§ To do
Please copy only the material from the line that has "Calvin y hobbes" to the very last line, both ends included, exactly as written and without pictures.
(Beginning of Recorded information)
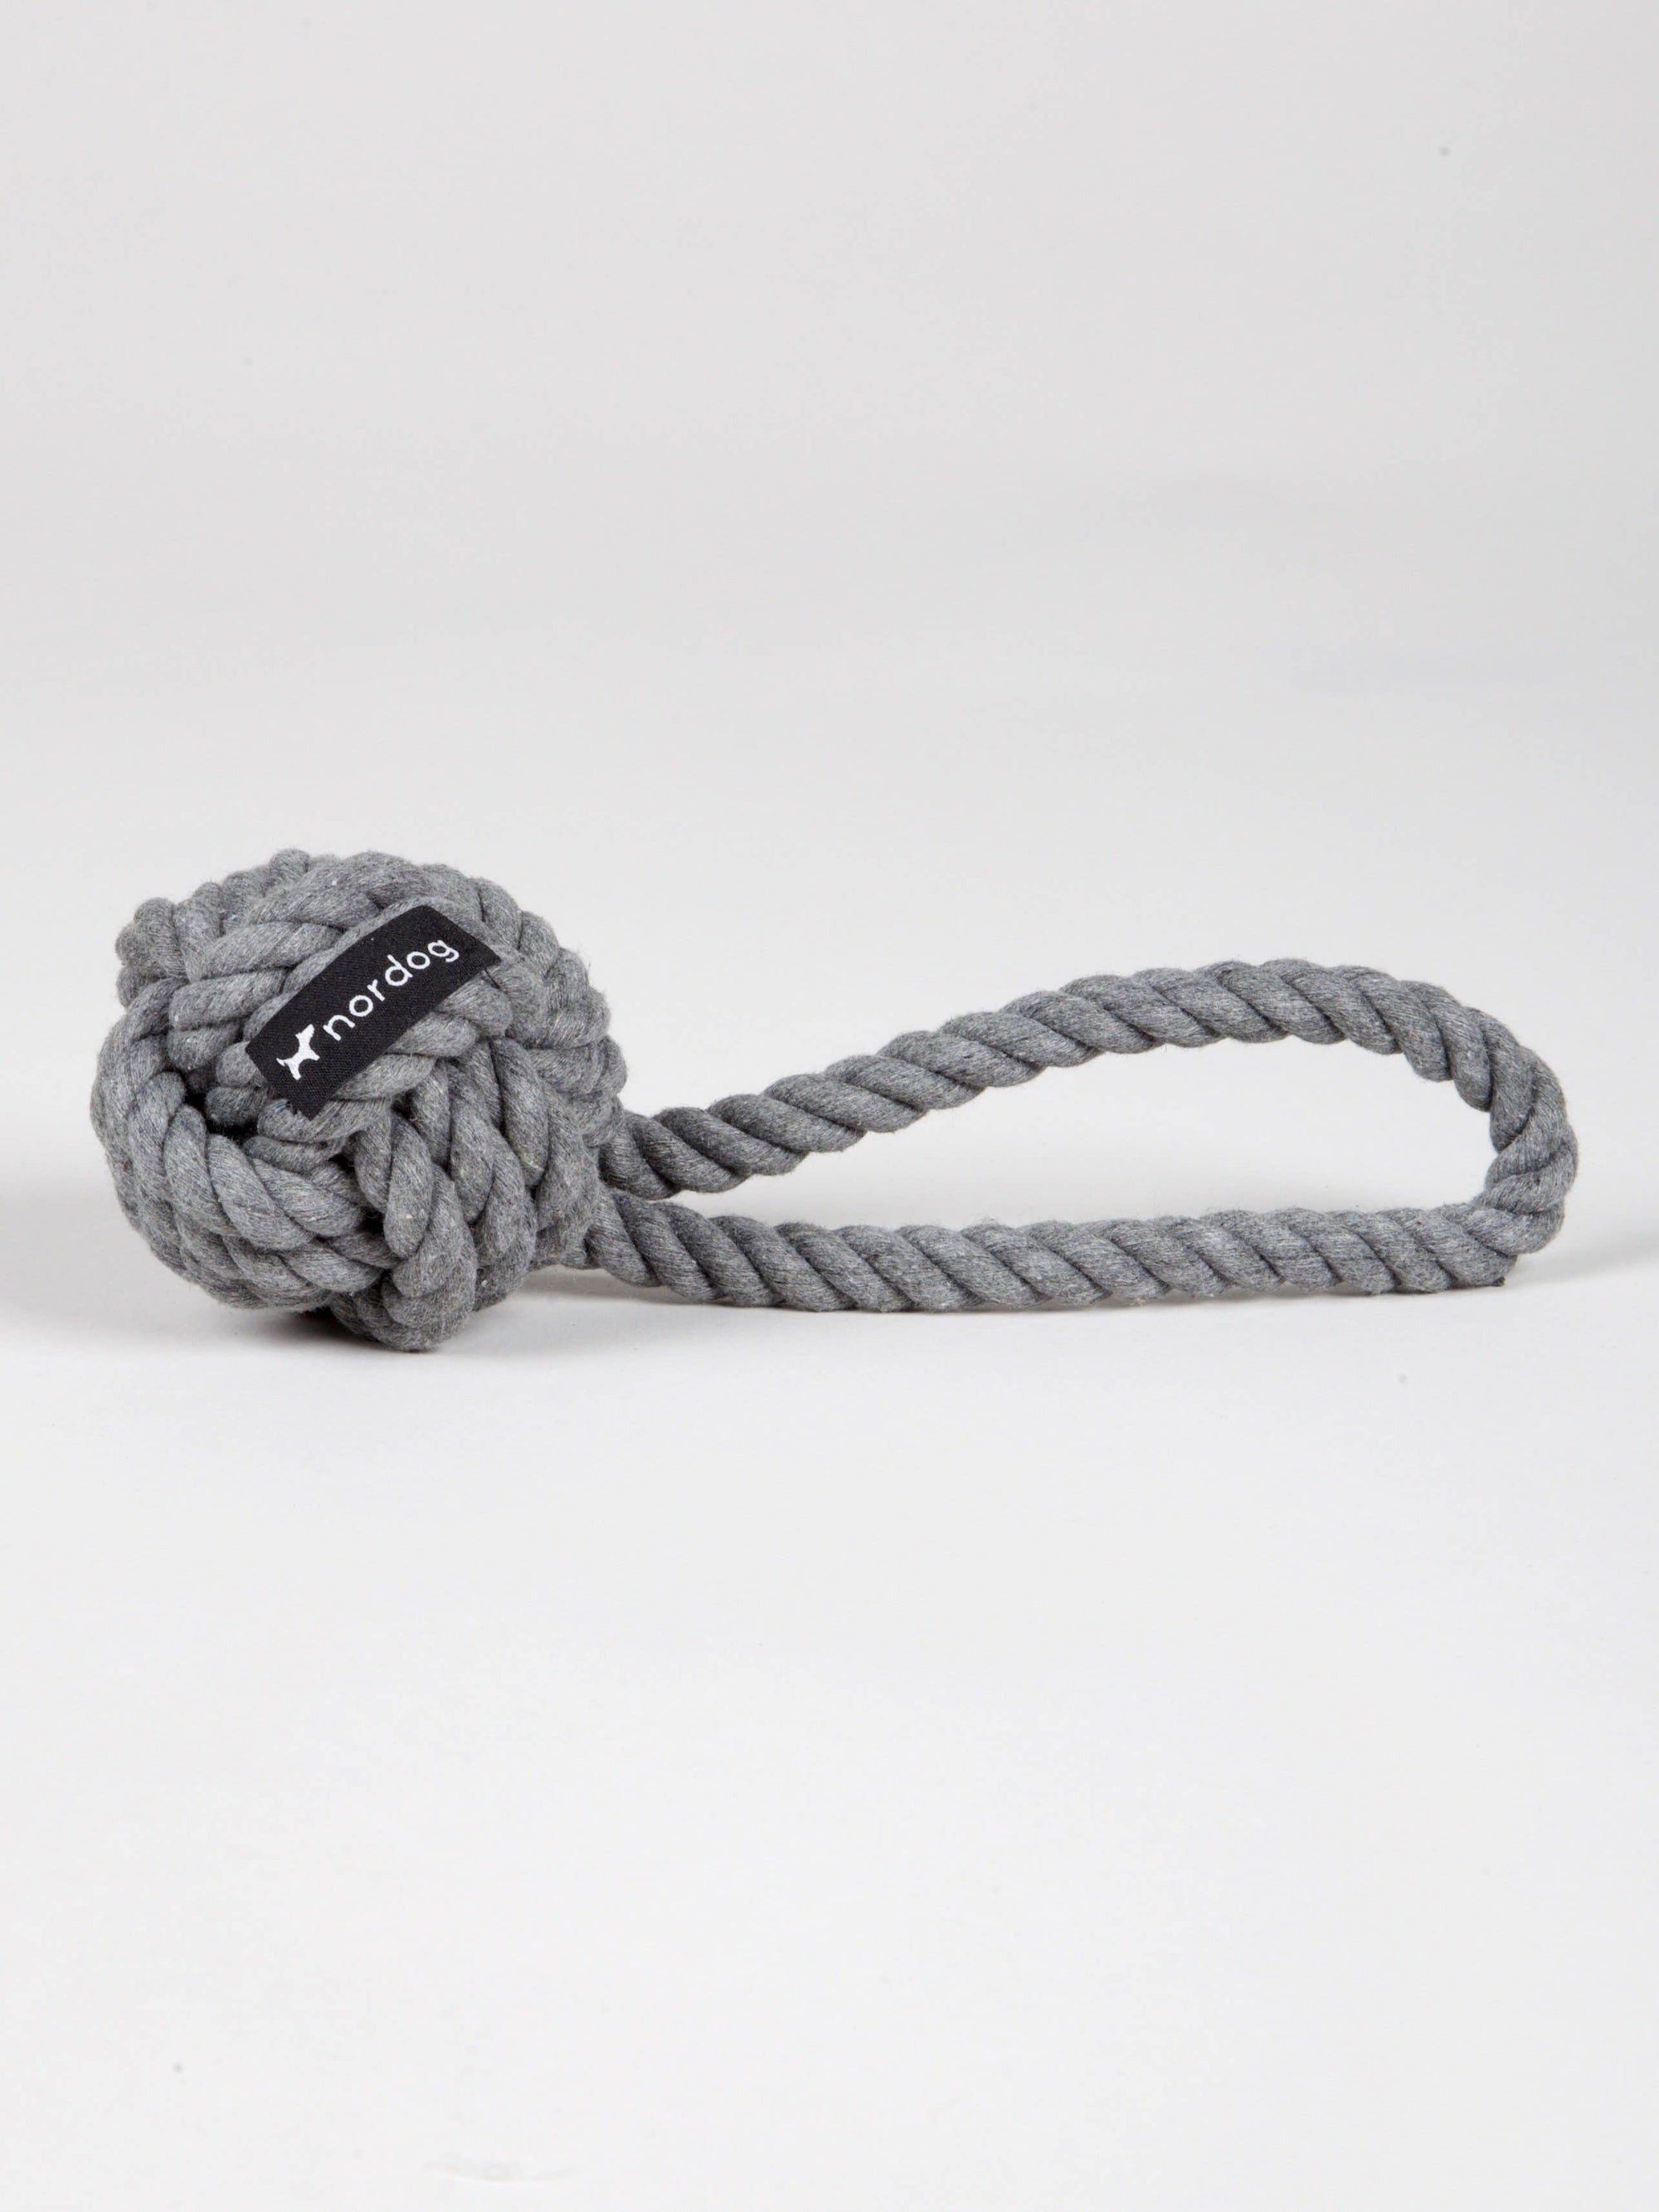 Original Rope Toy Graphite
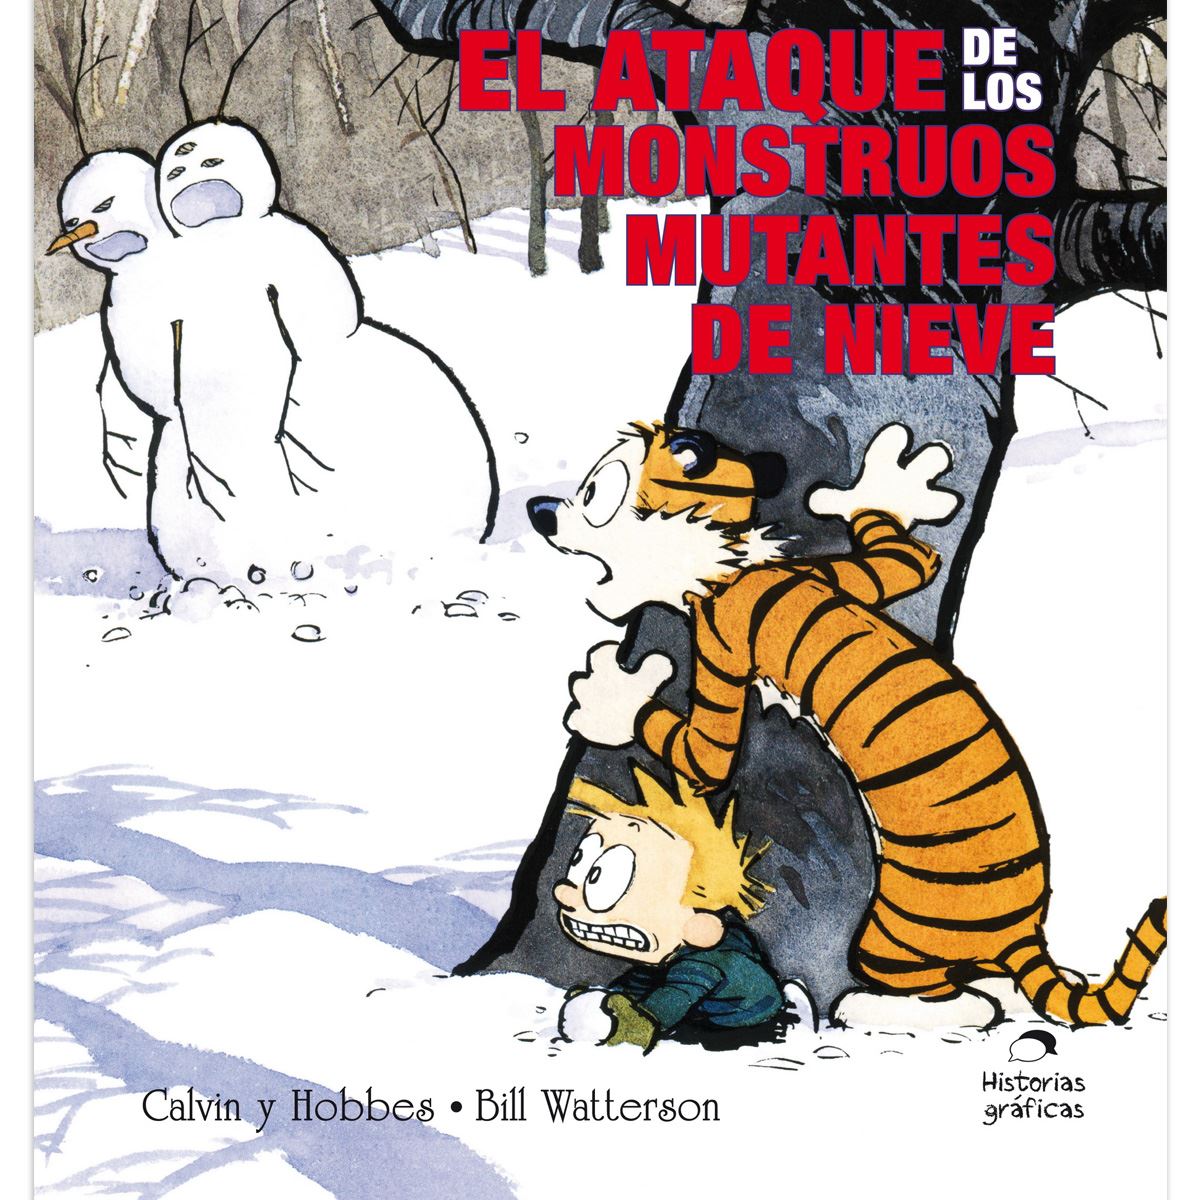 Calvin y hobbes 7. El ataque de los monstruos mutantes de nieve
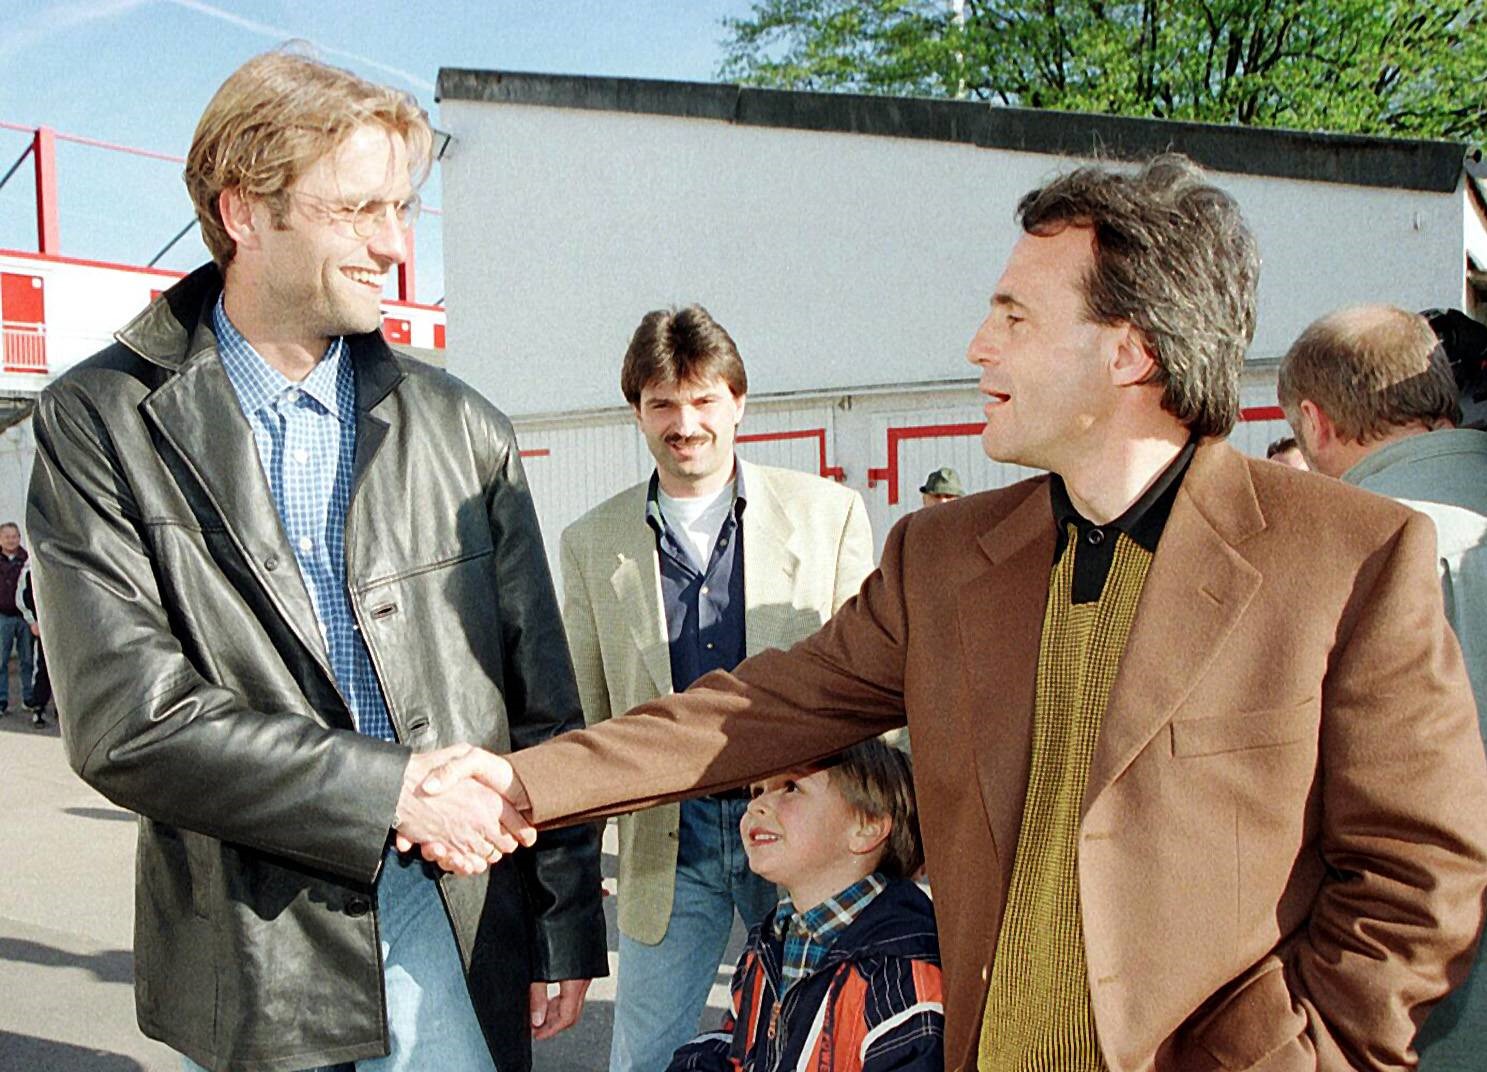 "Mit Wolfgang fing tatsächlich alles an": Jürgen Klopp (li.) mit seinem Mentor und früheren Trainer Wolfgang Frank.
(End of Recorded information)
§ Solution for this task
 Calvin y hobbes 7. El ataque de los monstruos mutantes de nieve
 "Mit Wolfgang fing tatsächlich alles an": Jürgen Klopp (li.) mit seinem Mentor und früheren Trainer Wolfgang Frank.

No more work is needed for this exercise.